Is it possible to constructively prove that every quaternion has a square root?

Reduction to LLPO (Lesser Limited Principle of Omniscience).

The statement LLPO is the following (from Wikipedia): For any sequence a₀, a₁, ... such that each a_i is either 0 or 1, and such that at most one a_i is nonzero, the following holds: either a_2i = 0 for all i, or a_2i+1 = 0 for all i, where a_2i and a_2i+1 are entries with even and odd index respectively.

This is considered a quintessentially non-constructive claim.

The claim that every quaternion has a square root implies LLPO.

Consider a sequence $(p_n)_{n \geq 1} \in \{0,1\}$, with the property that at most one element of the sequence is equal to $1$. Consider the following infinite quaternionic series $q = -1 + i\left(1 - \sum_{n=1}^\infty\frac{1 - p_{2n}}{2^n}\right) + j\left(1 - \sum_{n=1}^\infty\frac{1 - p_{2n+1}}{2^n}\right)$. The series clearly converges. Now we assume that we can get an $r$ such that $r^2 = q$. Consider the angle $\theta$ between $r$ and $i$ (considered as 4d vectors with the standard inner product), and likewise consider the angle $\phi$ between $r$ and $j$. Either $\theta > \arctan(1/2)$ or $\phi > \arctan(1/2)$, as these two open regions cover all the non-zero quaternions. If $\theta > \arctan(1/2)$ then we conclude that all $p_{2n}=0$. If $\phi > \arctan(1/2)$ then we conclude that all $p_{2n+1}=0$. This is exactly LLPO.

([edit] The discussion between me and Andrej refers to an earlier version of the argument, which was more confusing than this one)

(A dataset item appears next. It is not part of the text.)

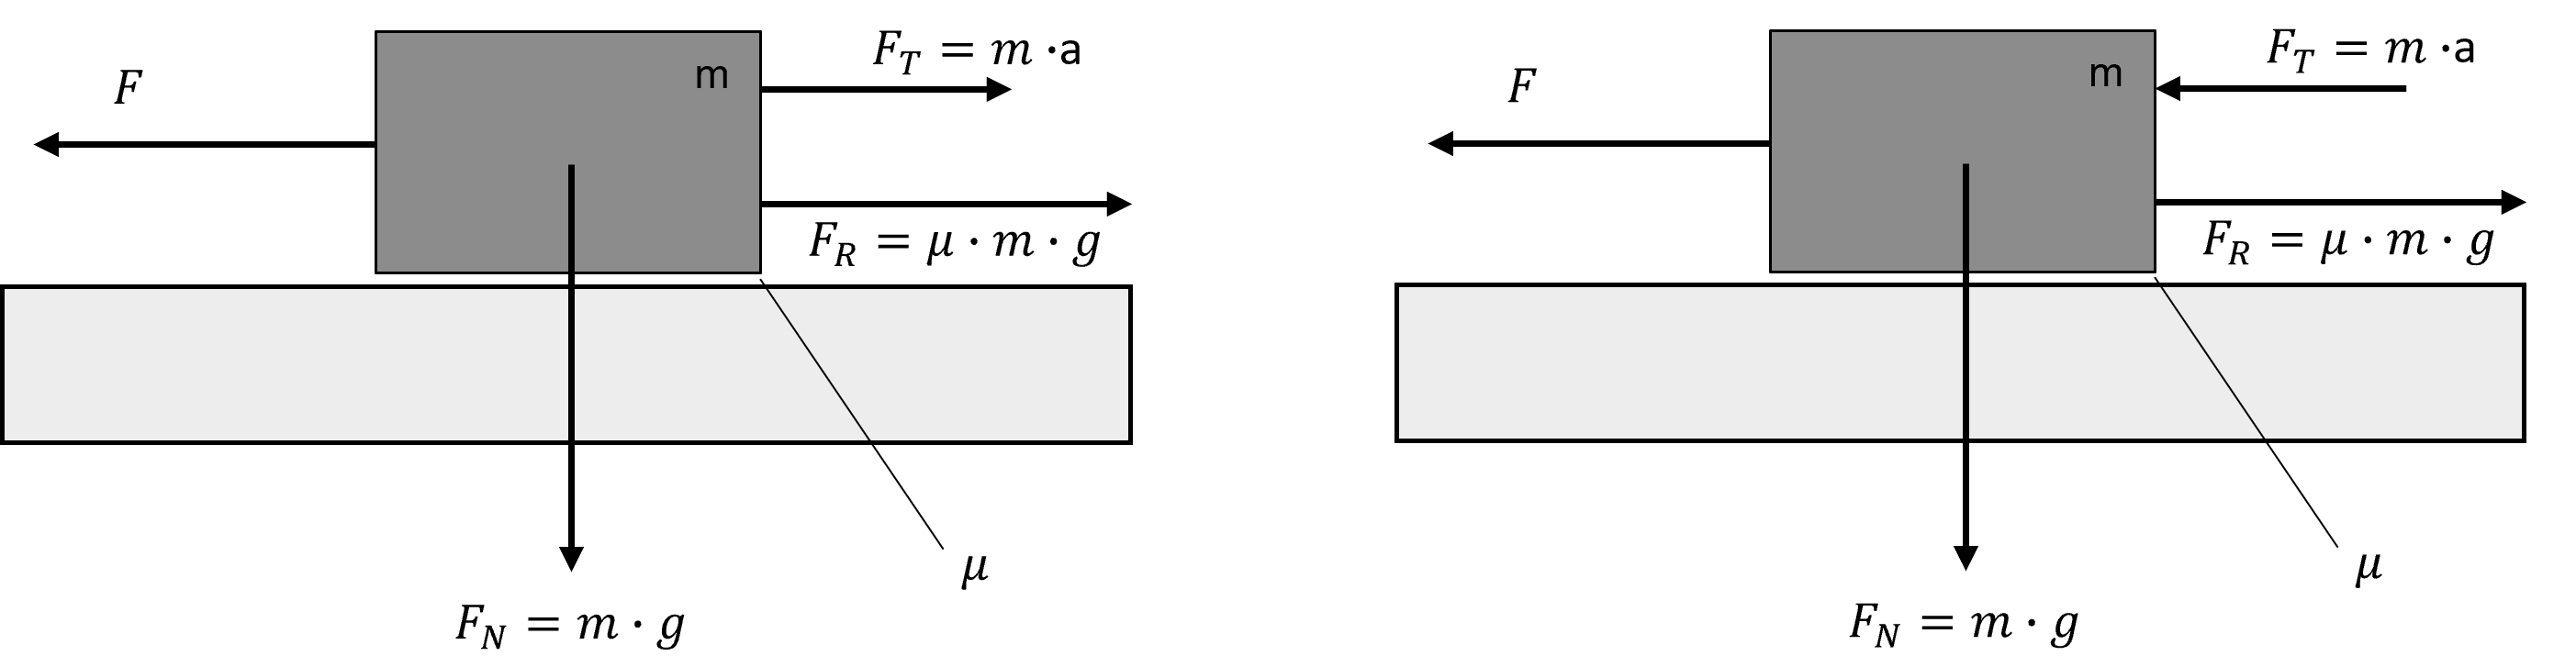 Kräfte an einer horizontal bewegten Masse (links: Beschleunigung, rechts: Verzögerung)

The operation is not Type 2 computable. The argument is similar to how the set $\mathbb R$ is not computably equivalent to its decimal representation. This latter statement is called the tablemaker's dilemma. Constructivists and Type 2 computability theorists make use of a redundant "nega-binary" representation of real numbers instead.

Let $q=-1 + 0i + 0j + 0k$. Assume the T2TM (Type 2 Turing Machine) outputs a quaternion $r$. This $r$ is a vector. Now observe that the machine must have read only finitely many digits of the nega-binary representation of $q$. Displace $q$ by some vector $v$ which is not parallel to $r$, where the vector $v$ has magnitude smaller than $2^{-n}$, where $n$ is the number of nega-binary digits the machine has read. The machine must give the same output because the prefix of the new input is the same, but this output is wrong.

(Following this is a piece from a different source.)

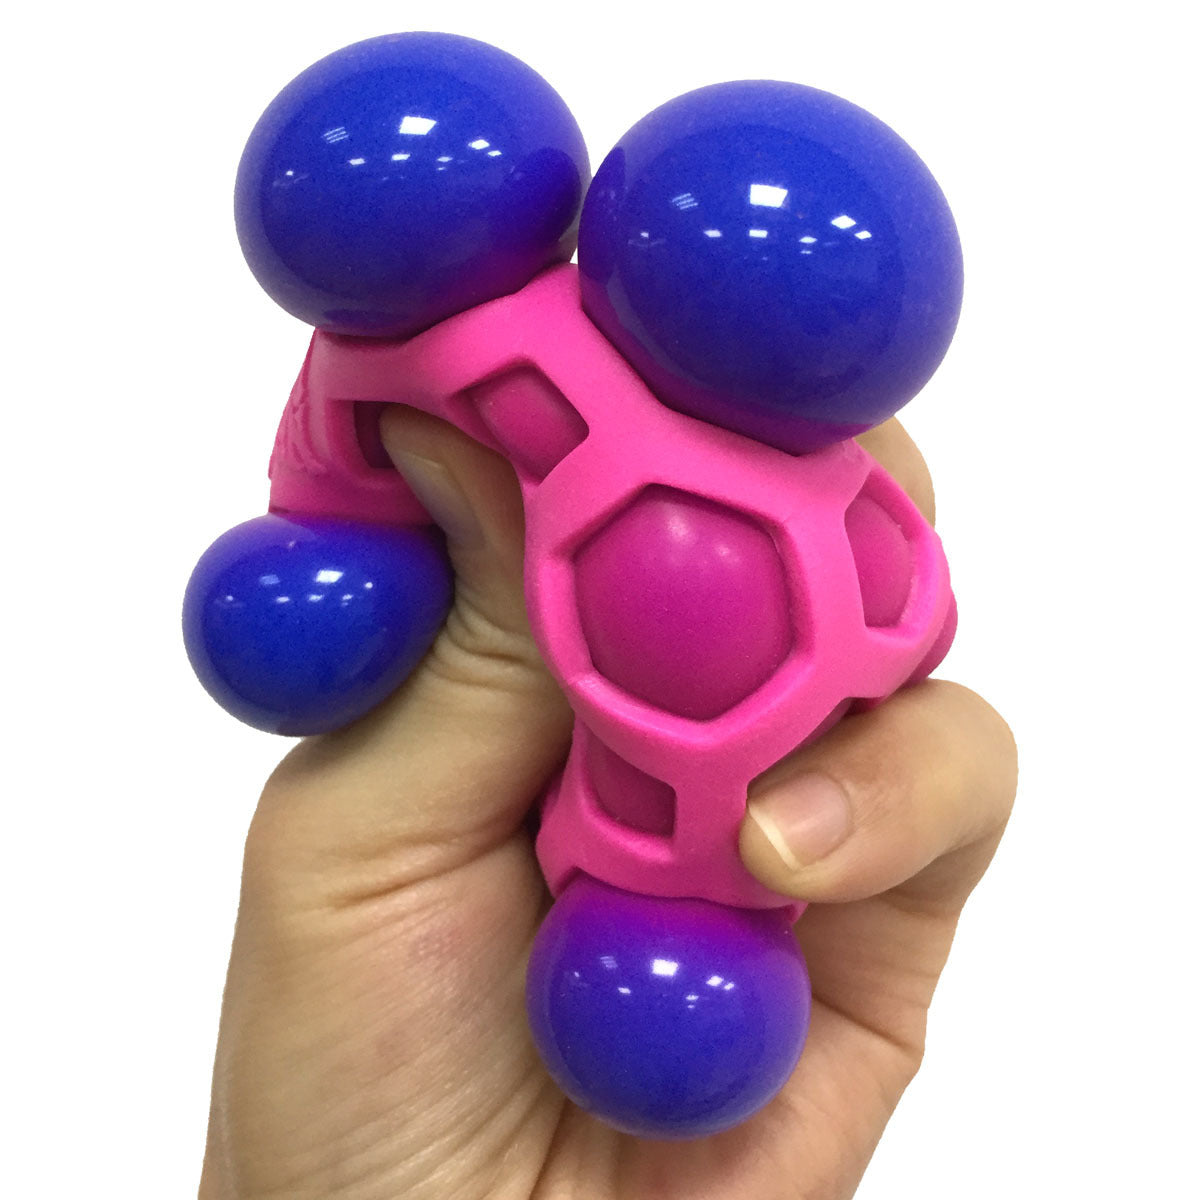 The Groovy Glob - Atomic Nee Doh Fidget Toy (Styles Vary)

To demonstrate that two quaternions very close to $-1$ may have very different square roots: Consider $-1 + \epsilon i$: Its square roots are $\pm (i + \frac{\epsilon}2)+ o(\epsilon)$. Now consider $-1 + \delta j$: Its square roots are $\pm (j + \frac{\delta}2)+ o(\delta)$. Now the distance between each of each of these sets is at least $\sqrt{2}$, which is much greater than zero. If after reading $n$ digits of $q = -1.0 + 0i + 0j + 0k$, the machine decides to output the first digits of $0 + 1i + 0j + 0k$, then one can play a trick on it by changing $q$ to $q' = -1 + 0i + 10^{-2n}j + 0k$. Those first digits of the output will then be completely wrong.

This T2TM argument is probably a valid Type 1 argument. In which case, it provides a convincing proof that quaternion square-root is uncomputable, and therefore can not be proved constructively.

It would be nice to see a "purer" proof that reduces to LPO or some other such principle, but I can't think of one. [edit] See below.